- EXERCISE AIM -
Transcribe word for word the section of the records below that opens with the line containing "large pedestal sink" and closes with the line containing "Ghana Freedom by"; drop every picture.

- EXTRACTED RECORDS -
=== Begin Enclosure ===
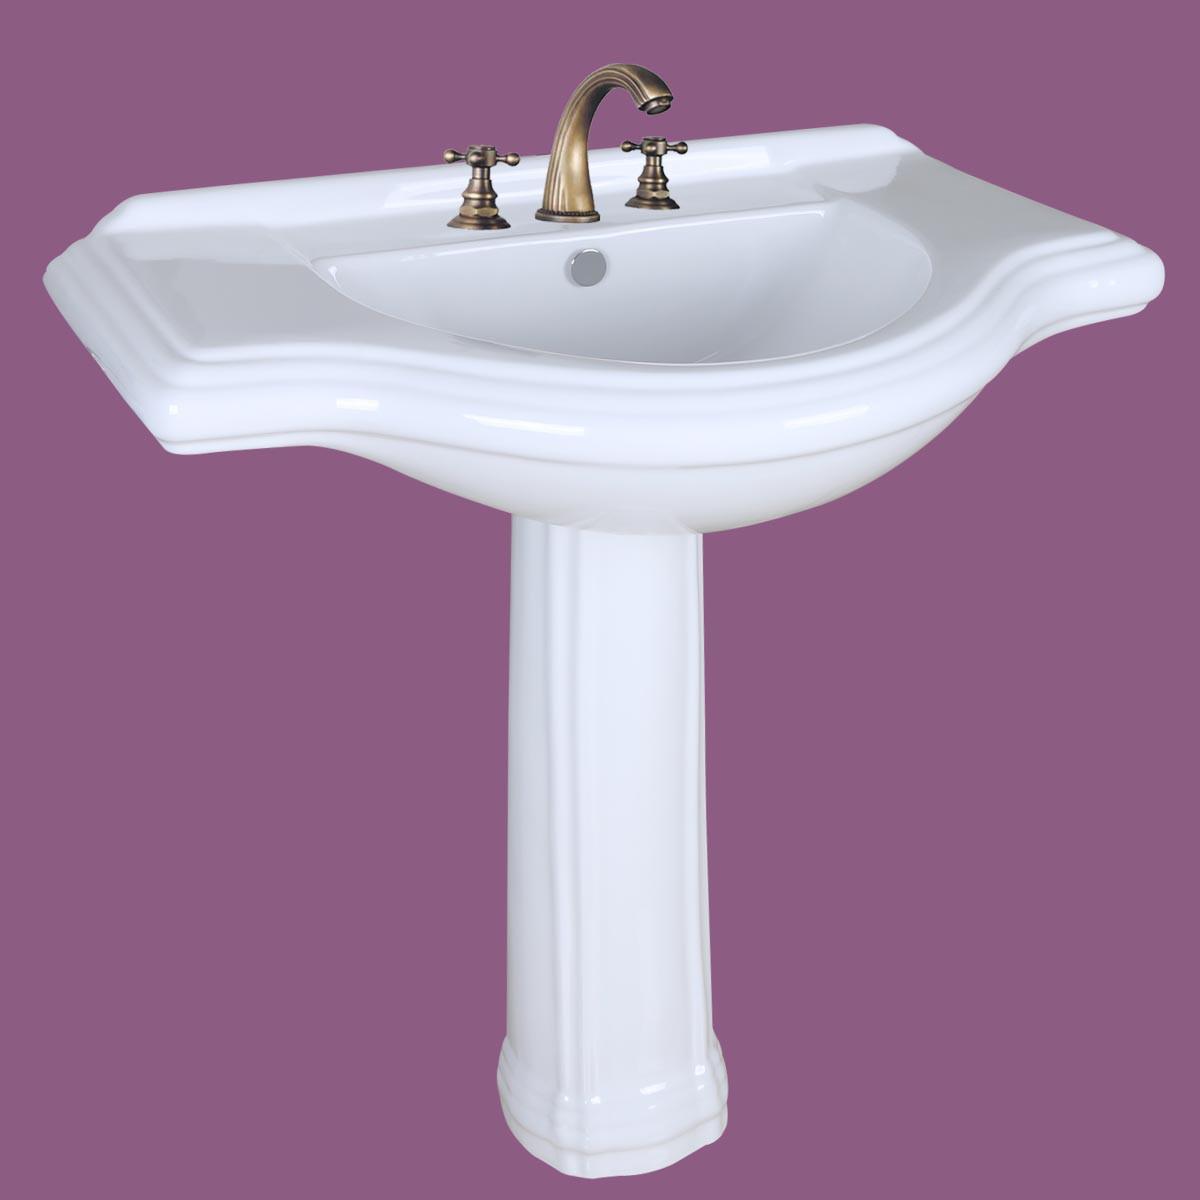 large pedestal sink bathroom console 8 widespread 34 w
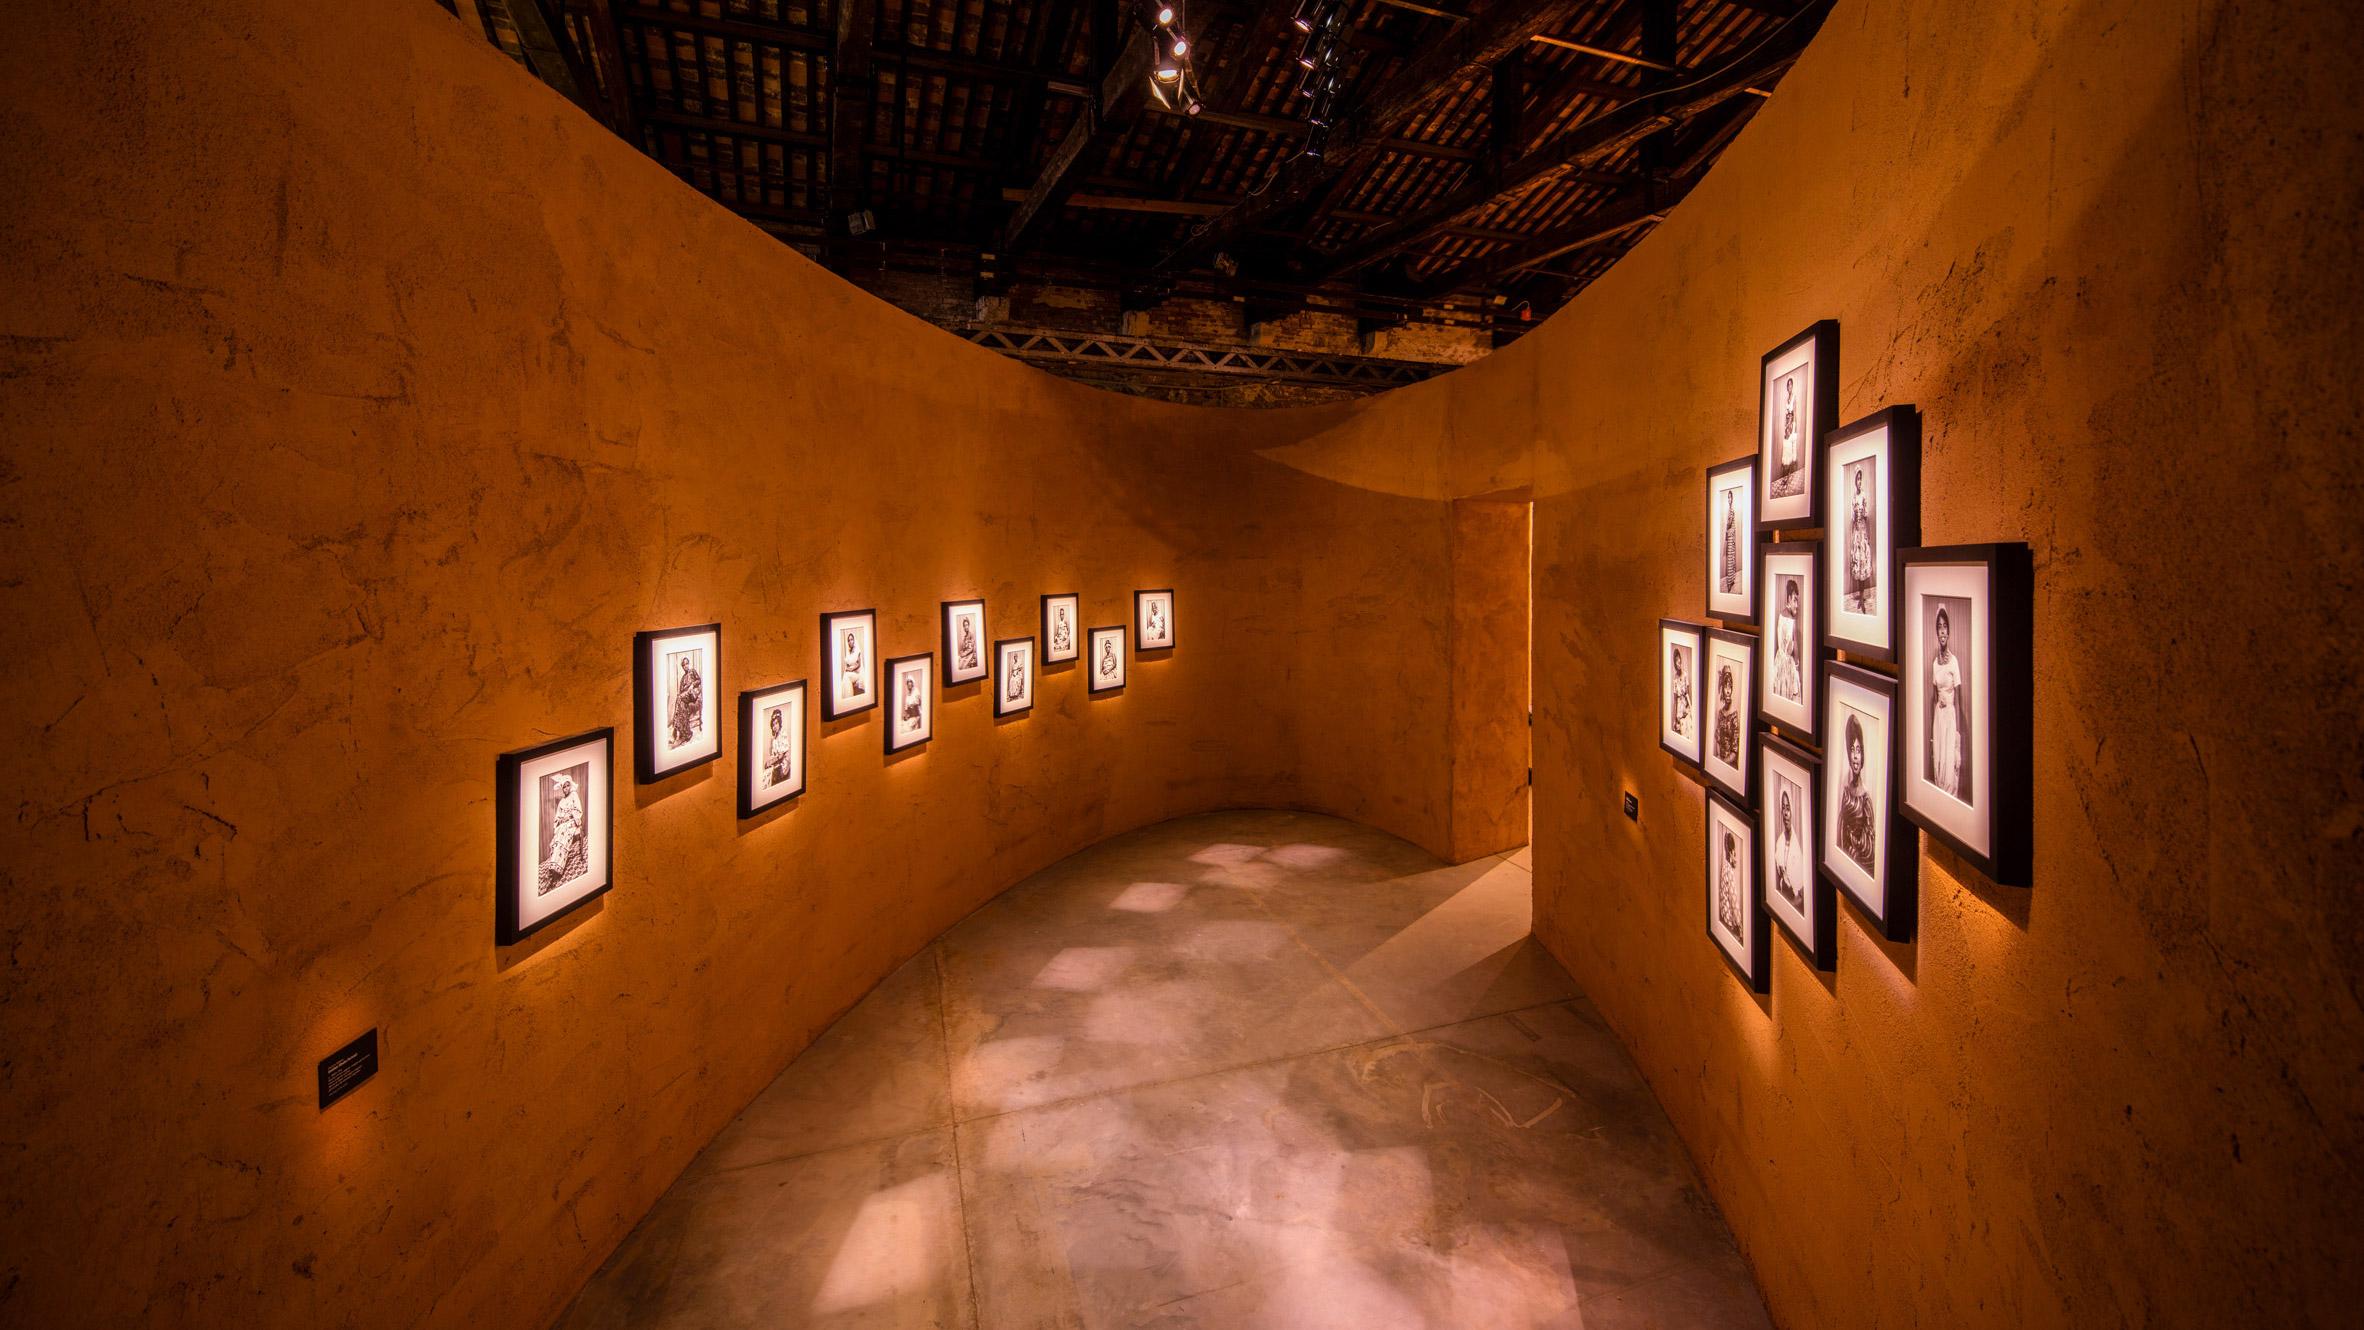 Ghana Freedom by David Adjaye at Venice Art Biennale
=== End Enclosure ===
=== Begin Enclosure ===
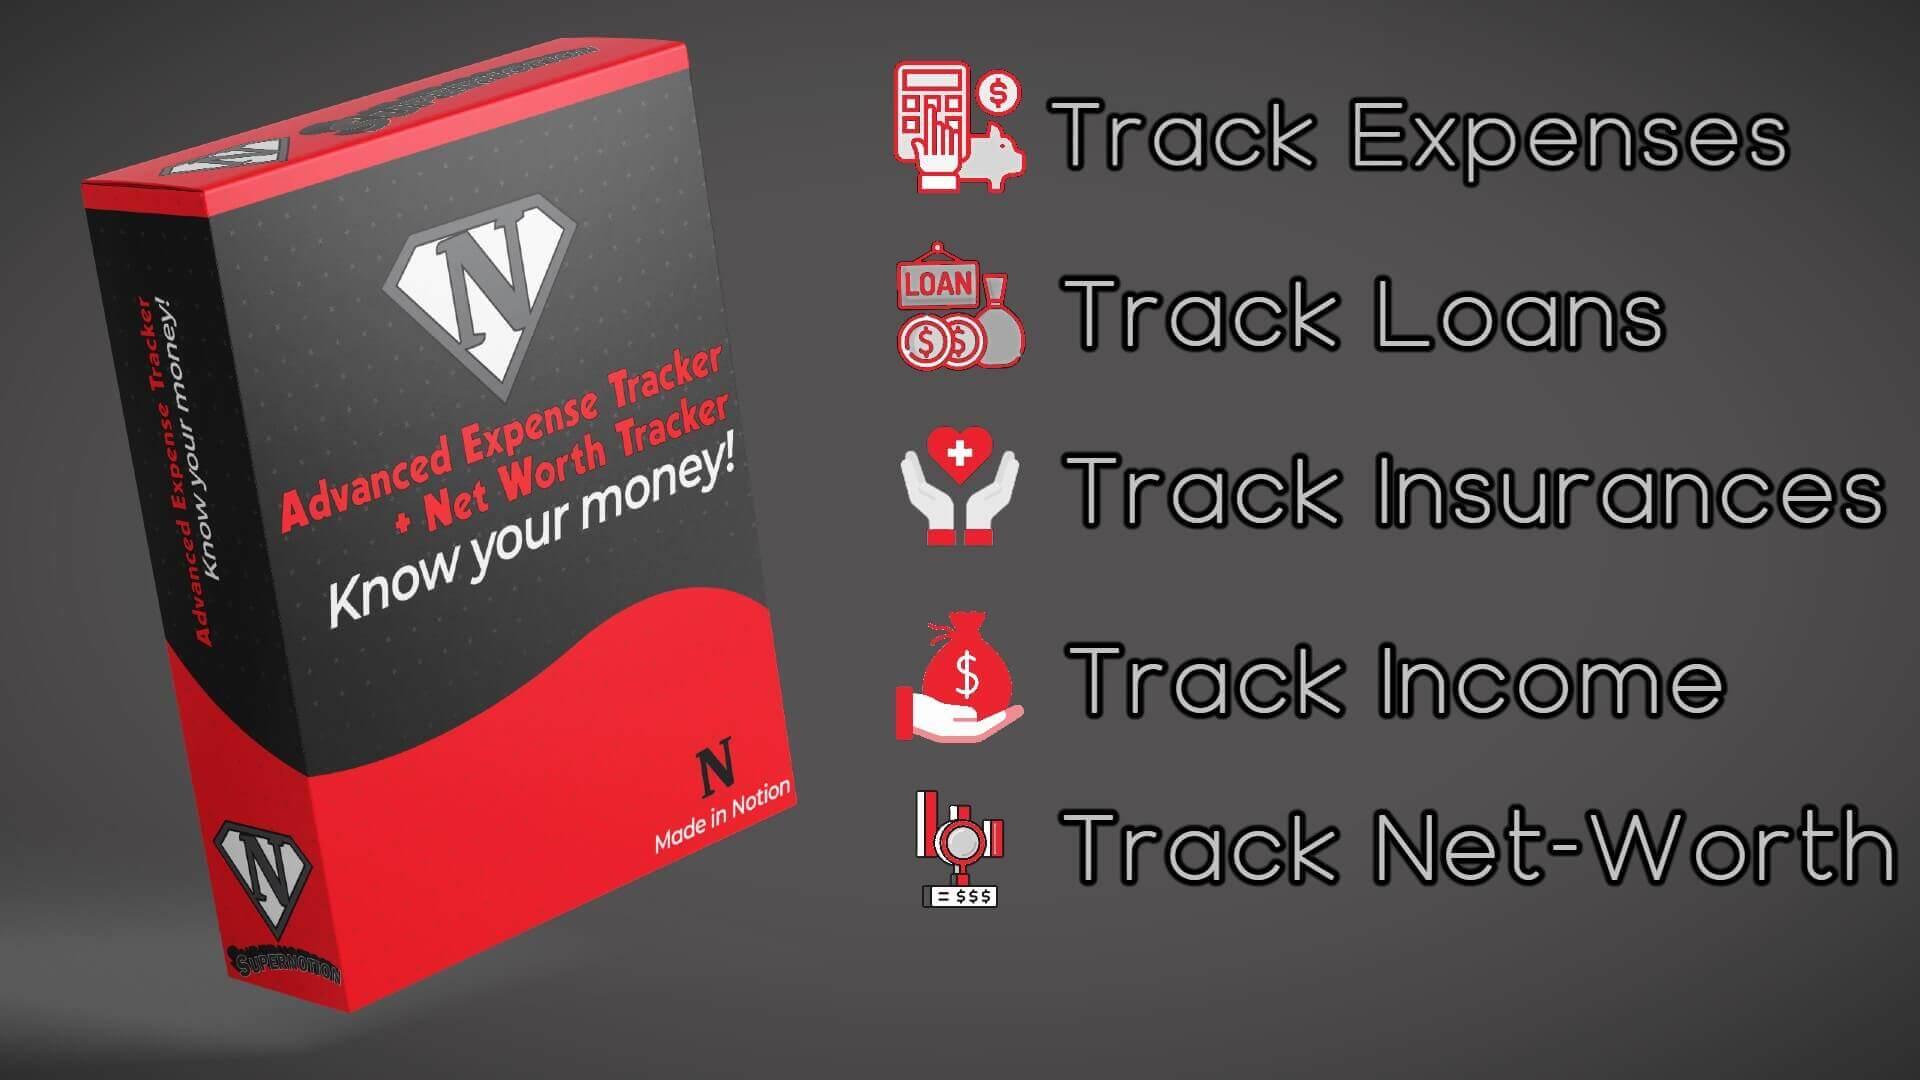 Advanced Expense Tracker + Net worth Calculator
=== End Enclosure ===
- WRITTEN RESPONSE -
 large pedestal sink bathroom console 8 widespread 34 w
 Ghana Freedom by David Adjaye at Venice Art Biennale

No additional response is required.